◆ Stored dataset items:

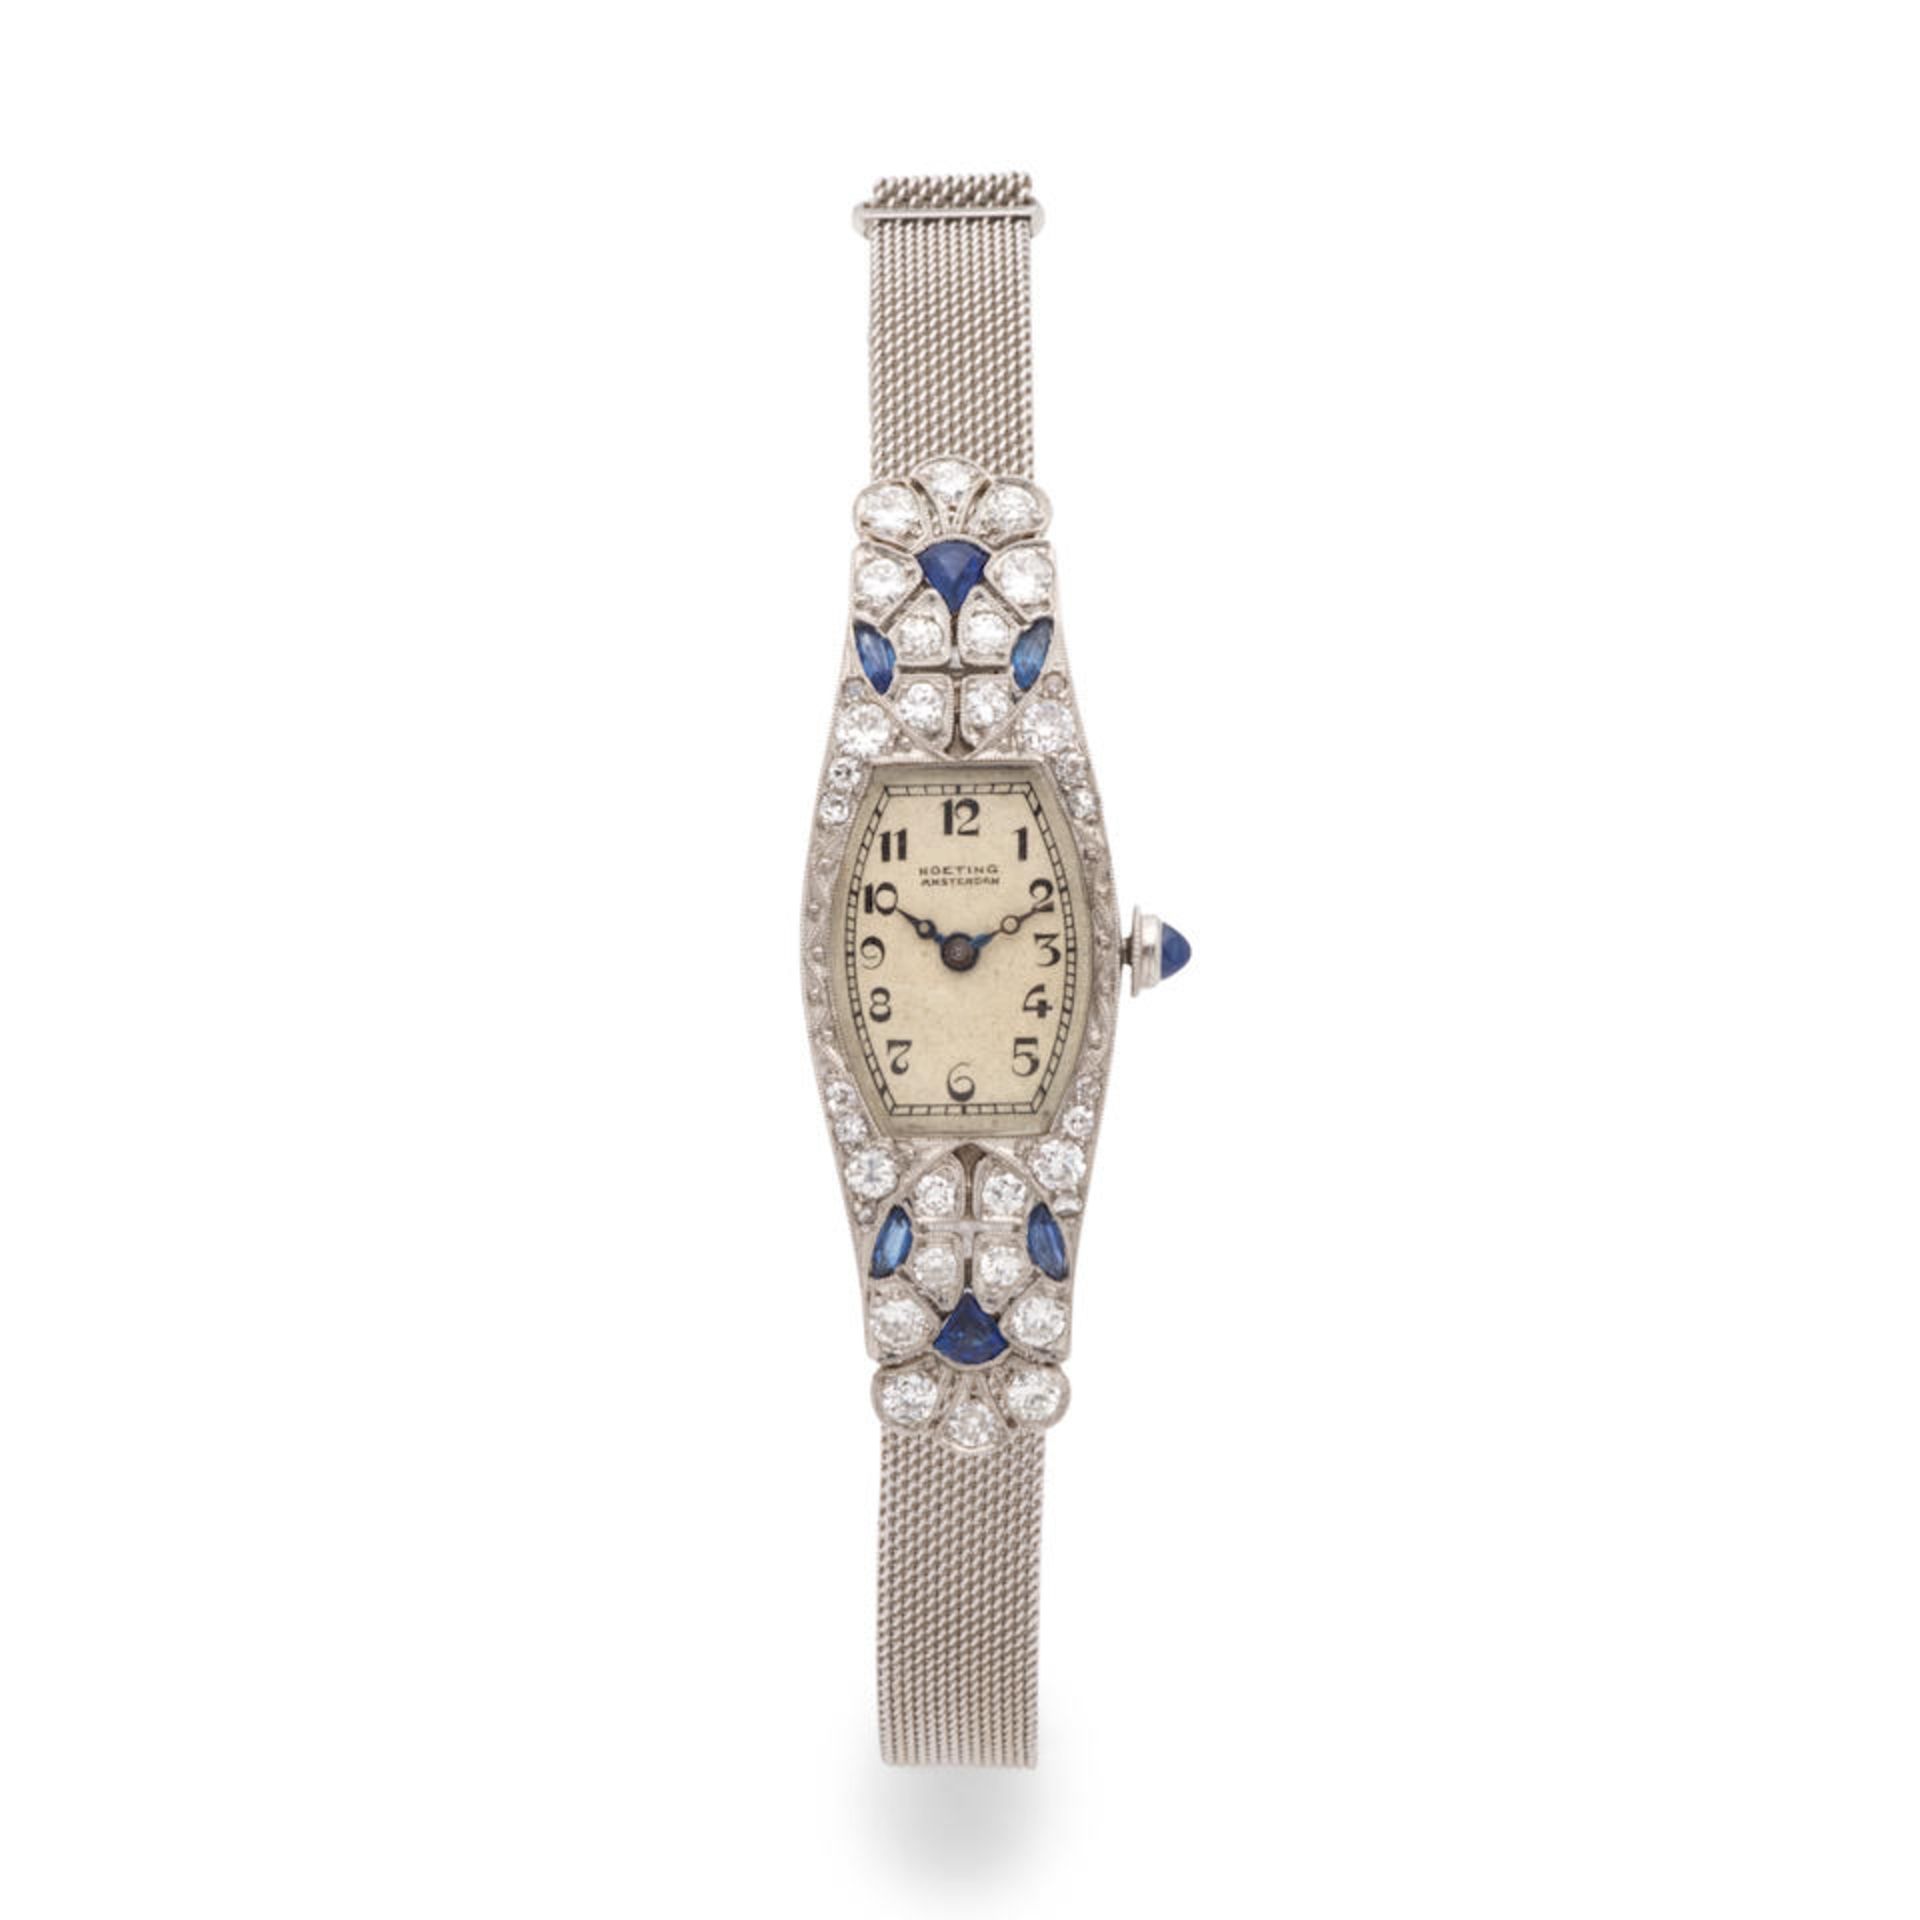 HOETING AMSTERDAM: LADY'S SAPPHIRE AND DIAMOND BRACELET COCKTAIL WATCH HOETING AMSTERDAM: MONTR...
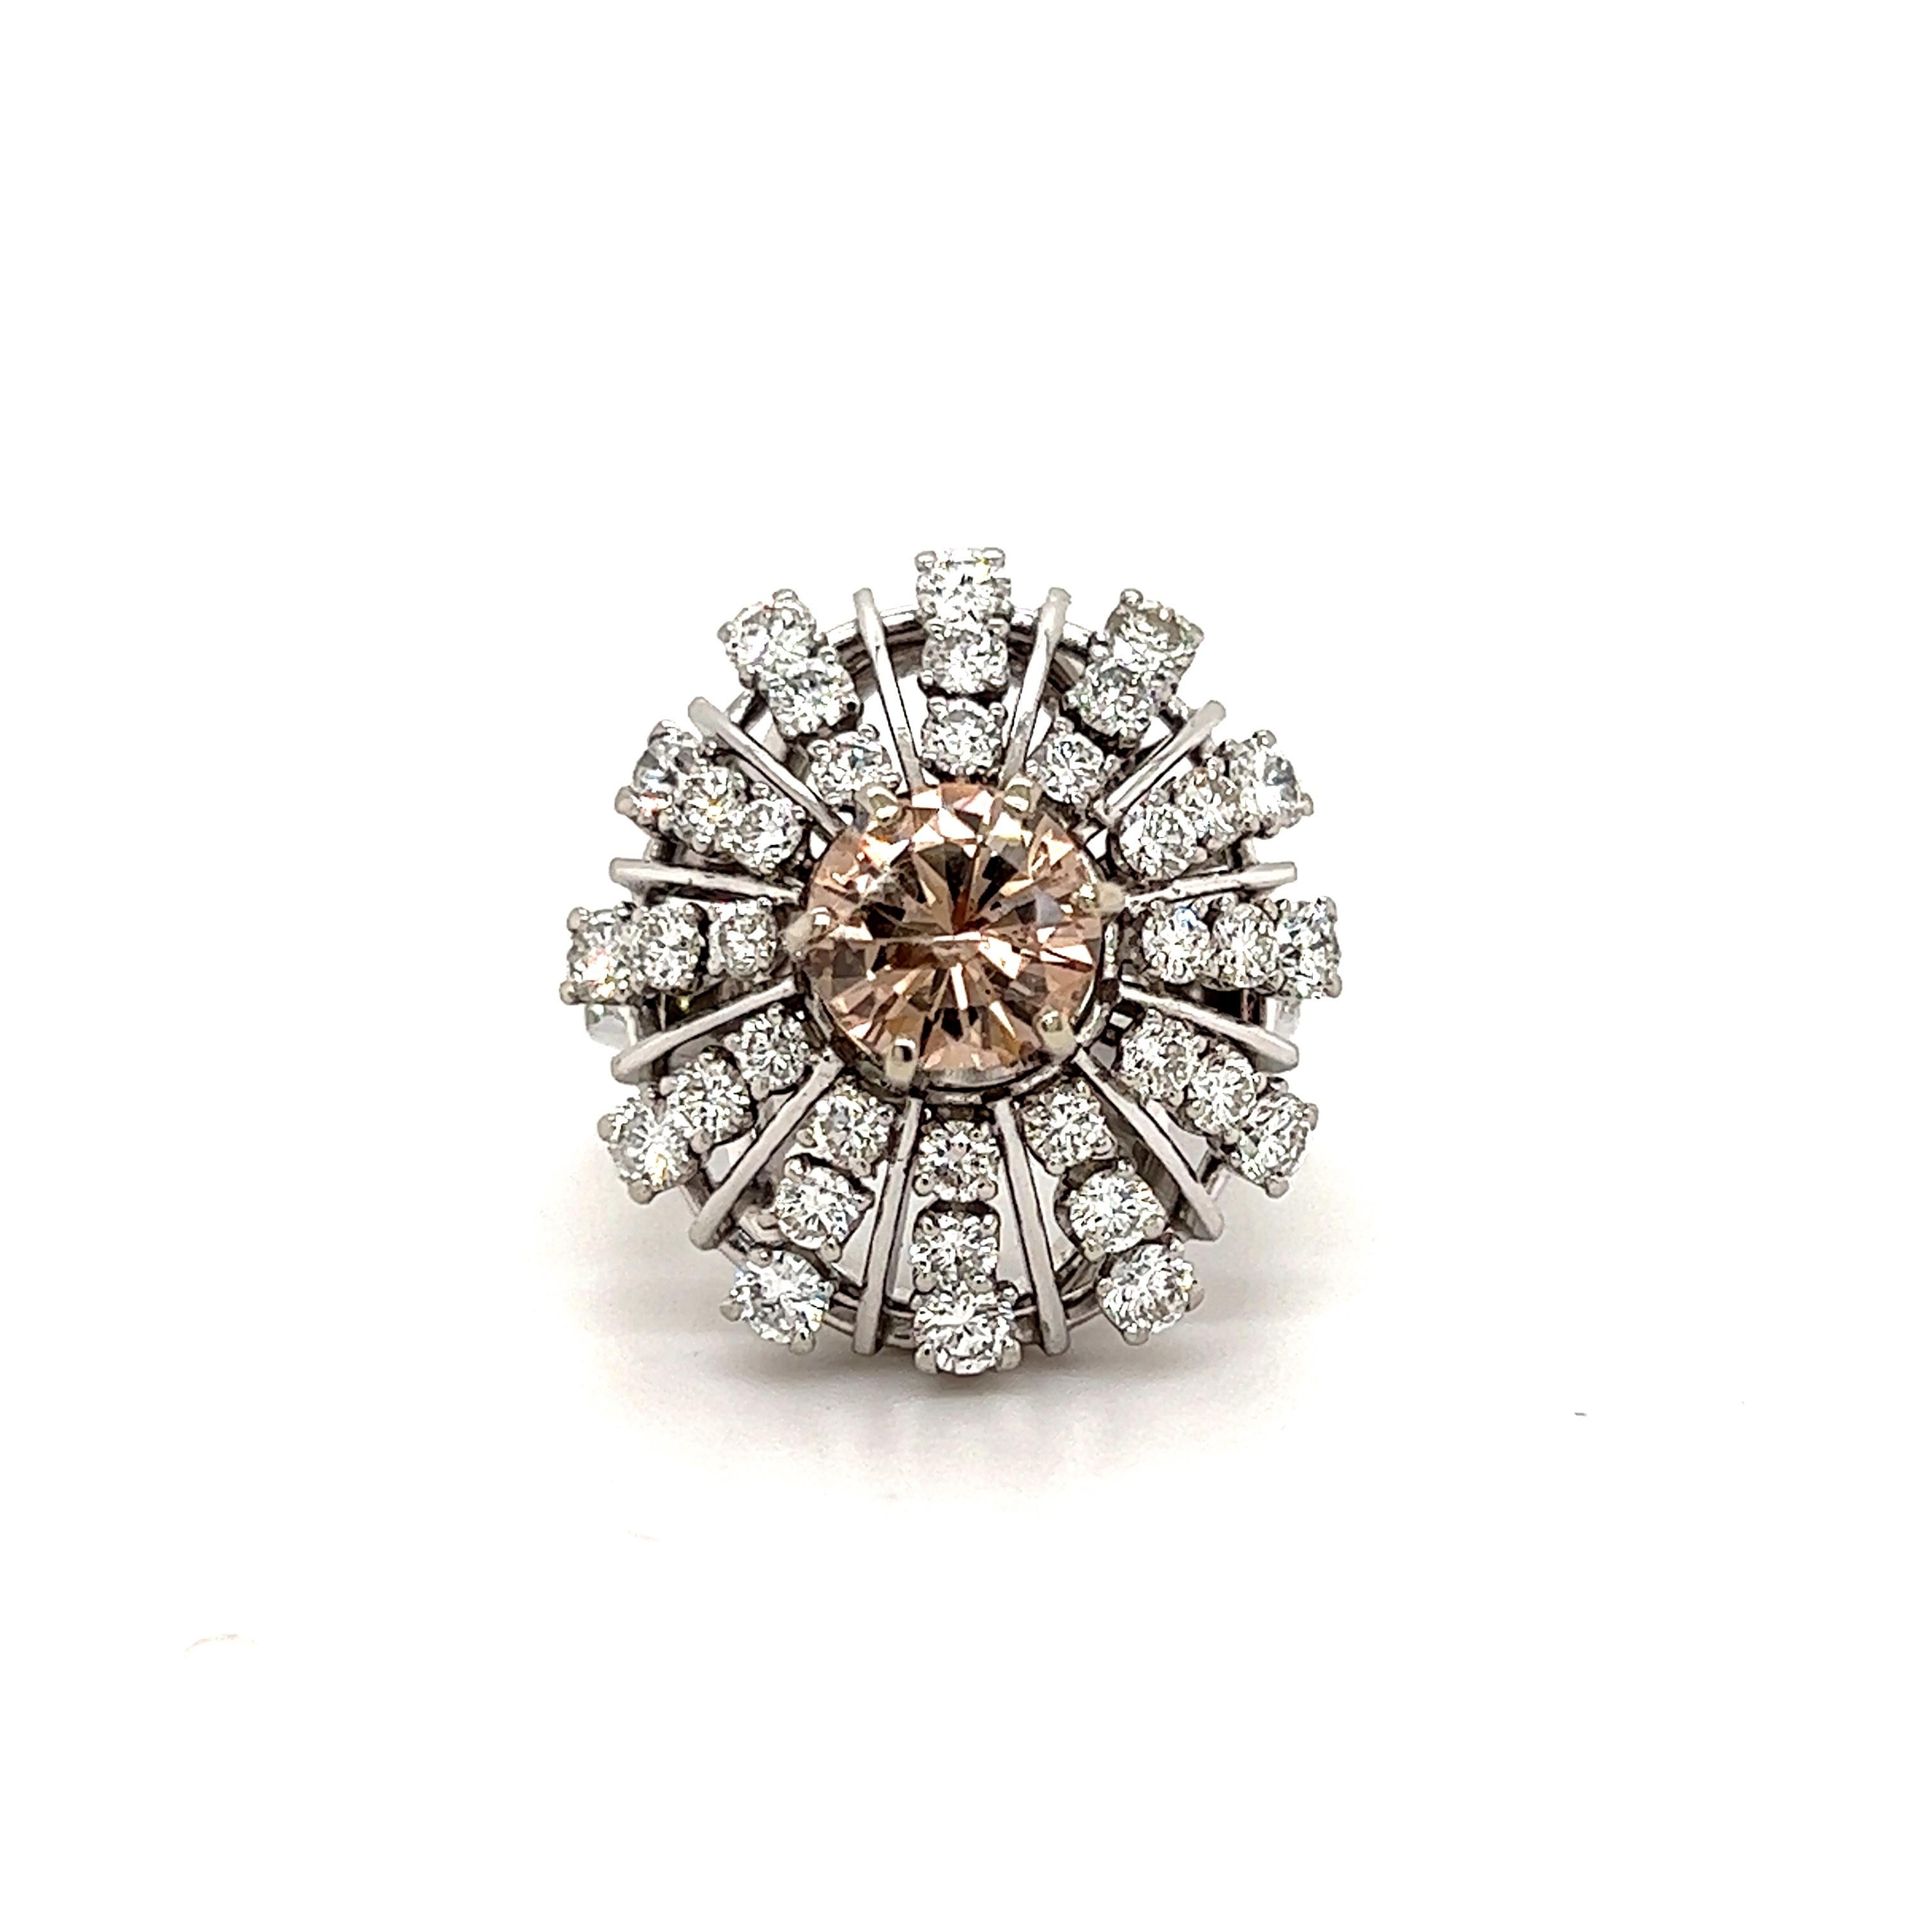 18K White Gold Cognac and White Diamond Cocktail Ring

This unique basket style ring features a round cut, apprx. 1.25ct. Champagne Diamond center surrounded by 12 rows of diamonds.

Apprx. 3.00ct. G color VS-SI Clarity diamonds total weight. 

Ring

◆ Problem to solve:
Return the records word for word, leaving every picture out of the copy.

◆ Solution to this task:
 HOETING AMSTERDAM: LADY'S SAPPHIRE AND DIAMOND BRACELET COCKTAIL WATCH HOETING AMSTERDAM: MONTR...
 18K White Gold Cognac and White Diamond Cocktail Ring

This unique basket style ring features a round cut, apprx. 1.25ct. Champagne Diamond center surrounded by 12 rows of diamonds.

Apprx. 3.00ct. G color VS-SI Clarity diamonds total weight. 

Ring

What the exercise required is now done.